Как-то в туристической поездке расстелили мы на траве чудесную клеенку, всю в синих сливах. Поели — и купаться. Возвращаемся, а все до единой сливы с клеенки съедены! Значит, и здесь побывал синий конь. Но, конечно, для него ничего нет вкуснее синих девчачьих бантиков.

А зимой его можно увидеть в сумерках — лишь там, где ели отбрасывают долгие синие тени. Лижет он тени, а сам до костей продрог. Если хочешь разглядеть или даже сфотографировать его, то выставь во дворе ближе к вечеру чугунок с черничными клецками: до черники он большой охотник.

Тому, кого носит на себе синий конь, весь мир кажется синим: зайцы-беляки для него синие, белый гриб — синий и даже черемуха в цвету — тоже синяя. Сам синь-конь — синее чудо, и кто ни поскачет на нем — синие чудеса видит. Правда, обычно подпускает он к себе только поэтов, только им удается его оседлать. Но если у тебя отыщется горстка синего овса… Ну как, отыскалась горстка синего овса?

 

Черная сказка

Это — черная сказка. До того черная, что в ней не видно ни зги. Но все-таки там кто-то есть, только его не видно. Закрой-ка глаза и завяжи их потуже черным платком. Ну что, темно? Ни зги не видно. И передвигаться можно только на ощупь — темно, как в пекле, верно? Так ведь эта сказка и происходит в пекле. Нащупал такого косматого? Думаешь, это Янка? Ничего подобного. Это сам черт! Черный, точно сапожная щетка, — хоть бери и чисти им башмаки. Ну-ка, ткни ему пальцем в пасть. Чувствуешь? Там полно пепла. И нос у него забит пеплом. Но не вздумай пощекотать косматого, не то расчихается — и вся сказка развеется пеплом.

Вот мы и снова наткнулись на что-то в потемках. Похоже, ящик.
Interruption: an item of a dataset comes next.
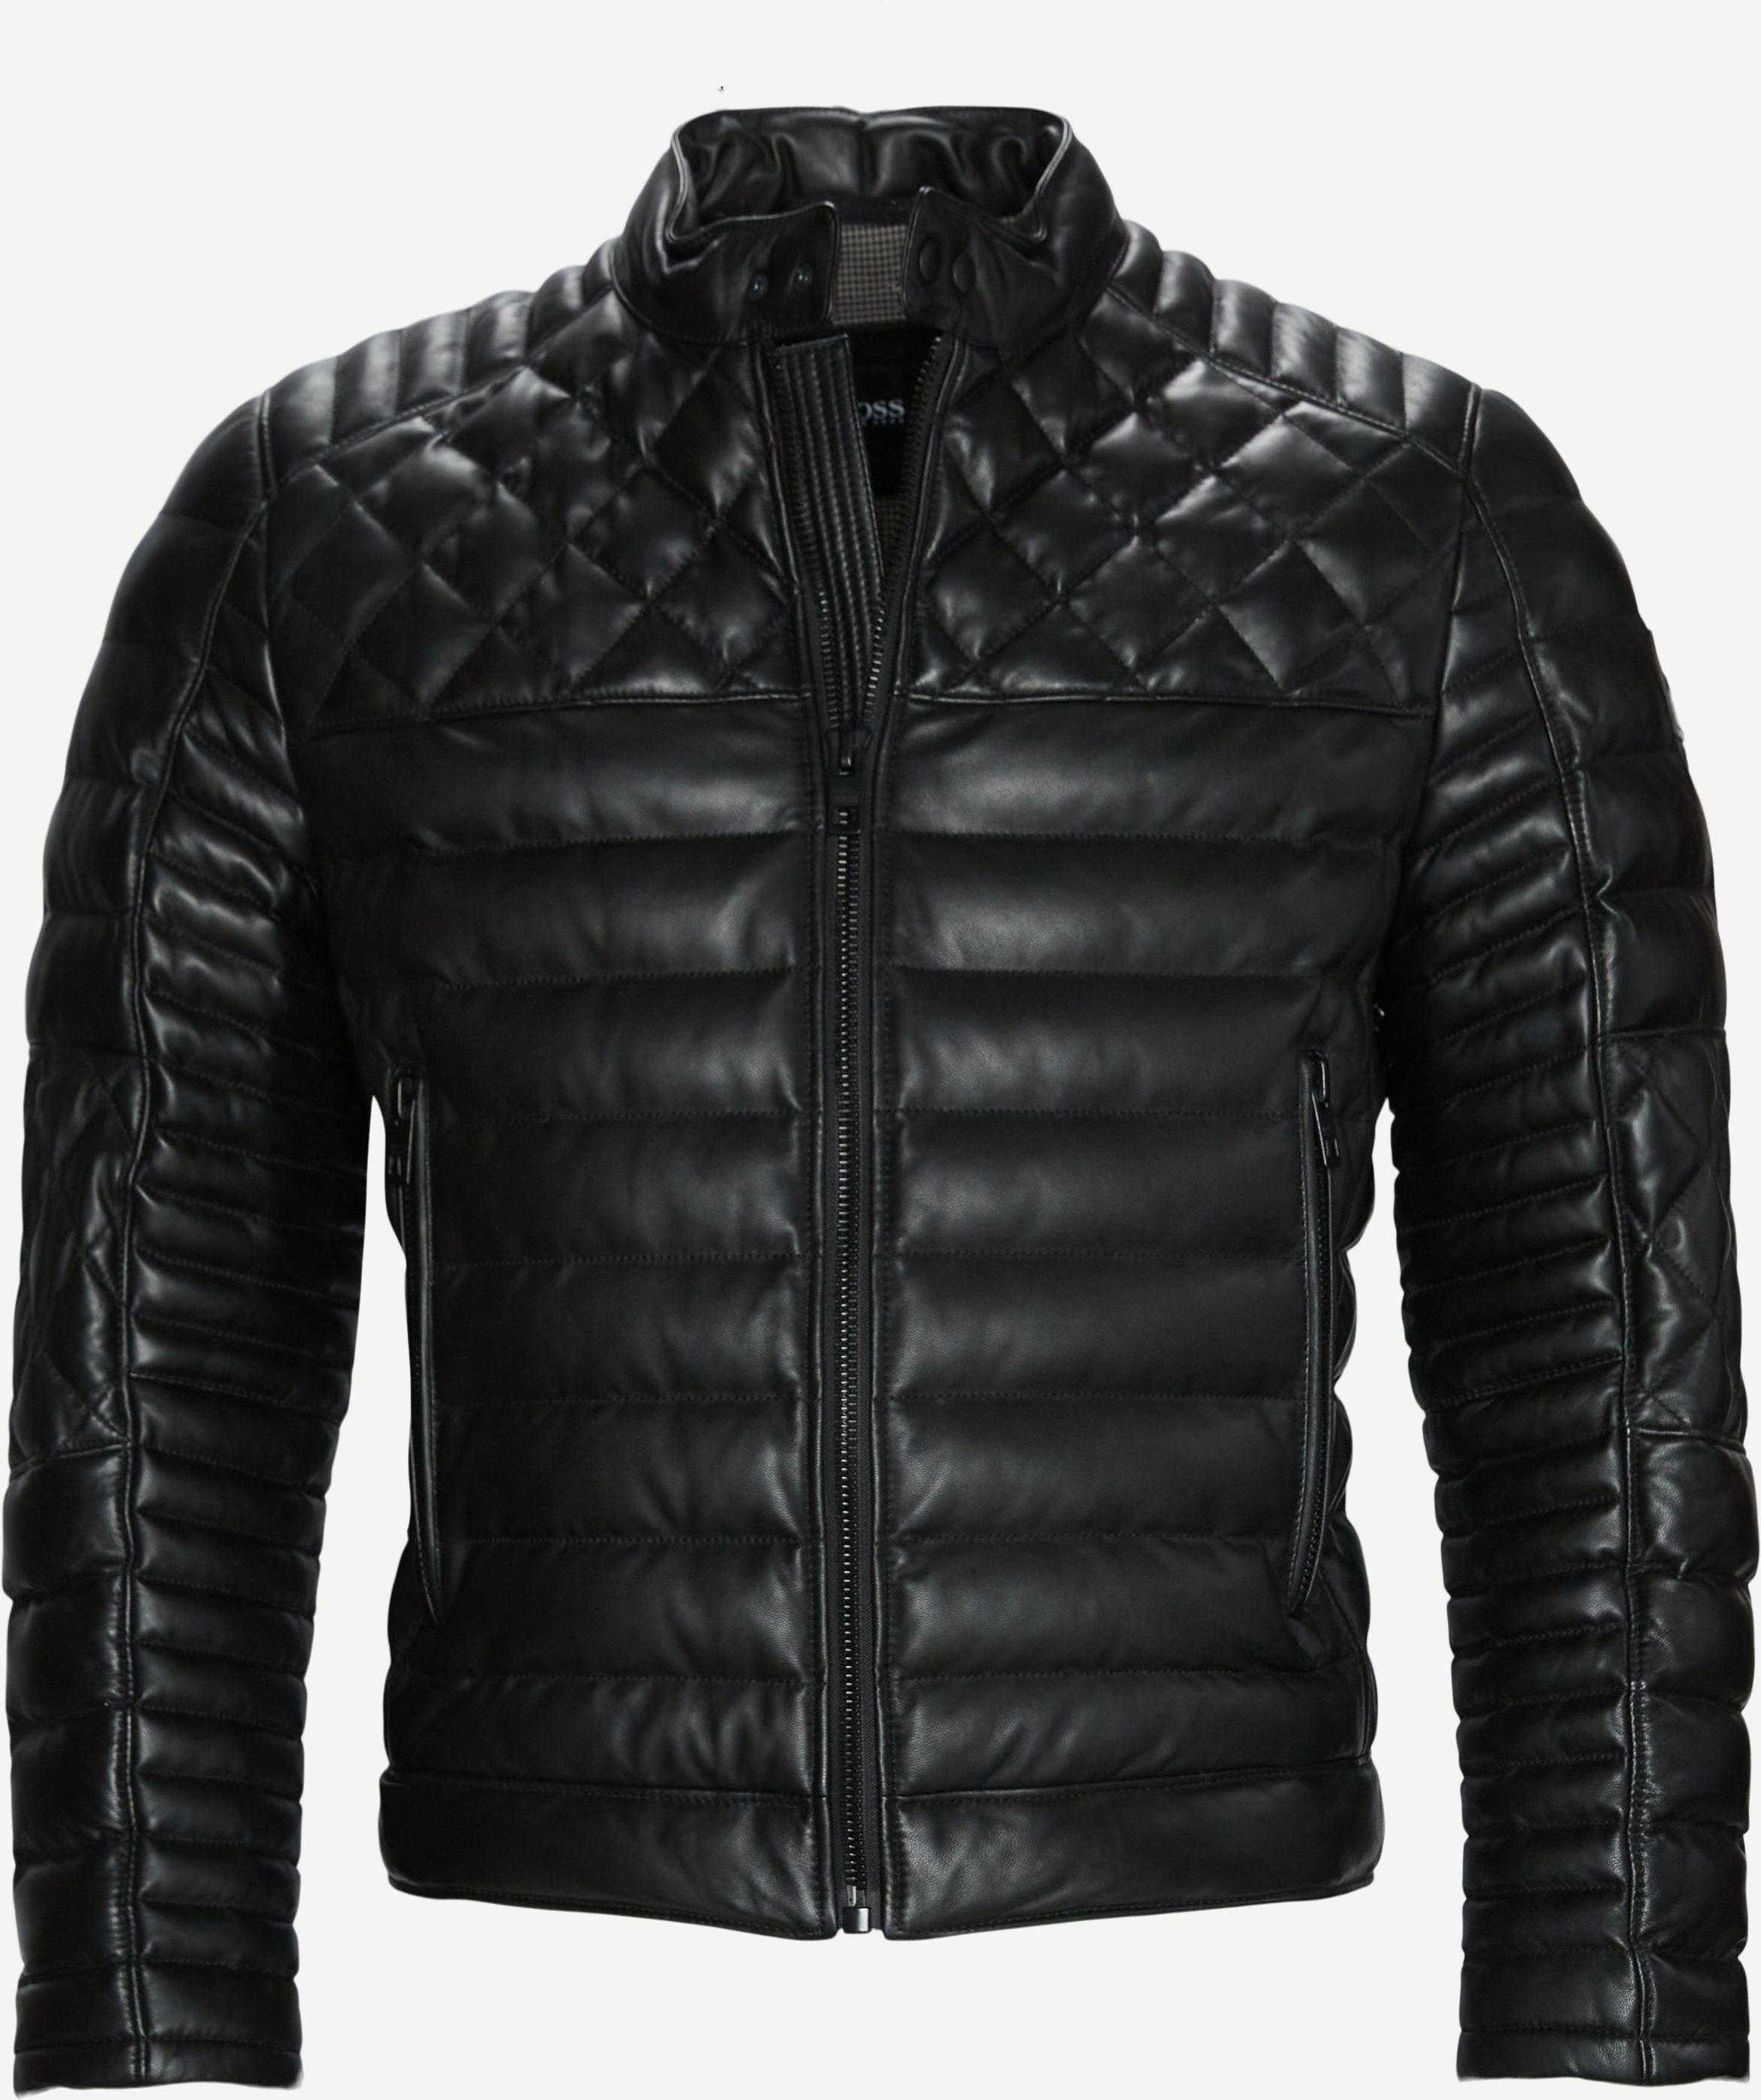 Jackets - Slim fit - Black

Да это же телевизор! Черт смотрит телевизор! Черный телевизор, ничего в нем не видно. Видно или нет, но черт смотрит. А чертенята читают черные книги с черными буквами — ну абсолютно черные книги! И завидущи же эти чертовые дети! Сердце у них черное, а в сердце — черная зависть. Если, скажем, один чернявый читает дрянную книгу (а чем она дряннее, тем у них считается лучше), то, думаешь, сосед дает ему спокойно почитать? Не тут-то было! Стащит втихаря из книги все до единой буквы — и в рот! Давится, а лопает: лишь бы соседа без чтива оставить. Или, к примеру, заведется в дневнике у чертова сыночка двойка или кол (а у них это самые распрекрасные отметки, а хуже пятерки ничего не бывает), то другие рогатые у него эти самые колы и двойки из дневника прямо-таки выгрызают, выедают, выкусывают. Ну и детки! Один, глядишь, сидит, зубрит урок, а другой тем временем кисточку зубрилиного хвоста гвоздем к полу приколачивает!
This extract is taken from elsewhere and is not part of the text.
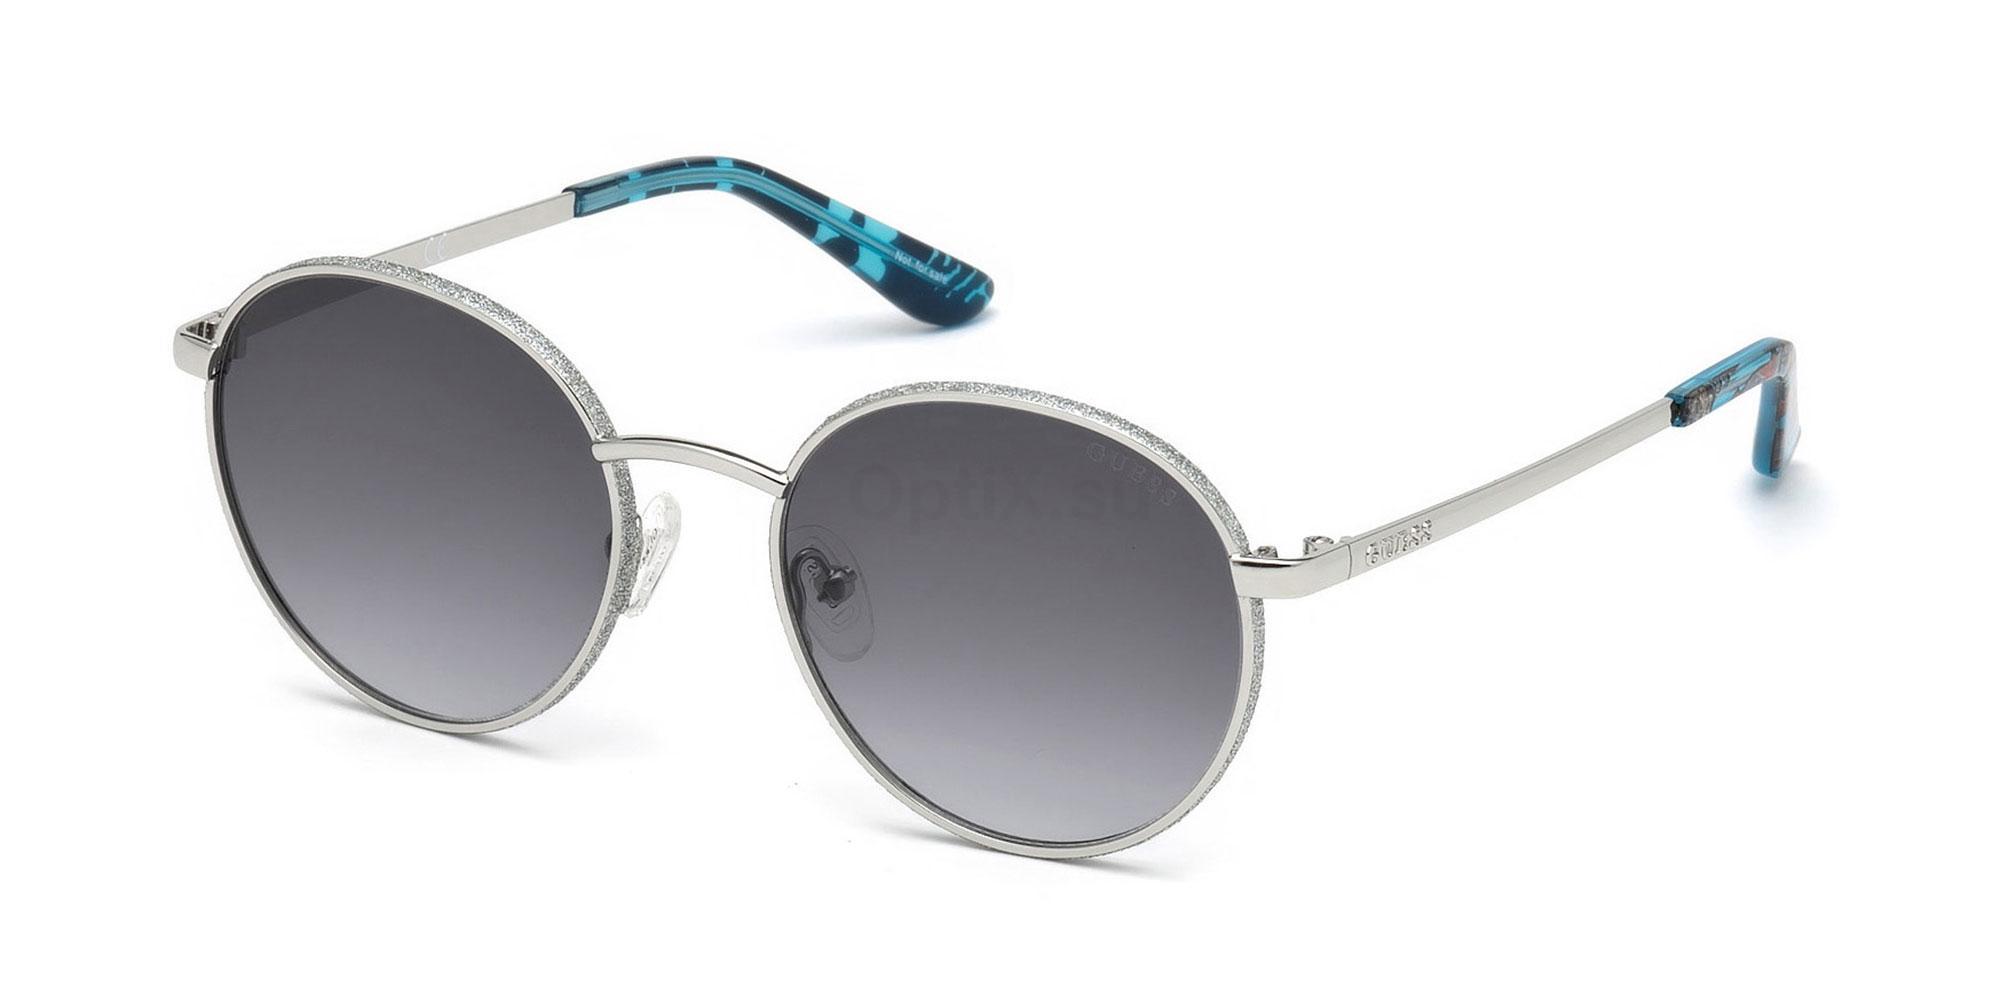 10B GU7556 Sunglasses, Guess

У чертей все не как у людей, все шиворот-навыворот. Лакают они черное молоко, грызут черный сахар. Даже вода у них черная. Так и полощут рты черной водой — чтоб ни единой белой крошки в зубах не застряло. Однажды выбрался чертов сыночек в мир человеков, извозюкался в белом снегу. Вернулся в пекло, почистился, а уши помыть забыл. В школе чертов учитель тут же к нему прицепился: «Что еще за чертовщина! Белые уши! Вот так грязнуля!» — И опрокинул в чертячьи уши целую баночку черной туши.

Пробираемся в потемках дальше. Кто это тут расселся? А, дитенок-чертенок на черном ночном горшке. Осторожно, не толкни, а то еще заревет черным голосом.

Надо тебе сказать, что никакой свет в пекло не допускается. А дверей в пекле целых семь, и между ними — обязательно коридорчик кишкой. Всего получается шесть кишок. Отворять одновременно первые и вторые или вторые и третьи двери строго-настрого запрещено — чтобы свет не ворвался сразу в обе двери. Ну, а если он все-таки пробрался в первую коридорную кишку, черти мигом — дверь на запор и за черное дело — за све-то-вы-лав-ли-ва-нье! Вылавливают свет по лучику, лучи вяжут в снопы и заворачивают в черные газеты. И только когда до лучика выловят и снова станет темно, как в пекле, разрешается проходить в следующую кишку.

Но, как ты уже знаешь, солнце — великая сила. На свете так много света, что он прорывается-таки в самые дальние коридоры пекла. Послушать чертей, так дальше пятой кишки никогда ни лучик не просачивался. Когда же черти выбираются наружу, к людям, то каждый обязан прихватить с собой завернутый в черные газеты свет и выкинуть где ни попадя — лишь бы с глаз долой.

Приоткроют дверь на самую малость — и поскорей наружу! Но свет проворней чертей: уже успел прошмыгнуть в пекло. Вот на этот случай и дежурит в каждой кишке чертова бригада: хватает этот проклятый свет — и в упаковку, чтобы сунуть под мышку тому, чей черед выскакивать наружу, под мышку — да на вынос.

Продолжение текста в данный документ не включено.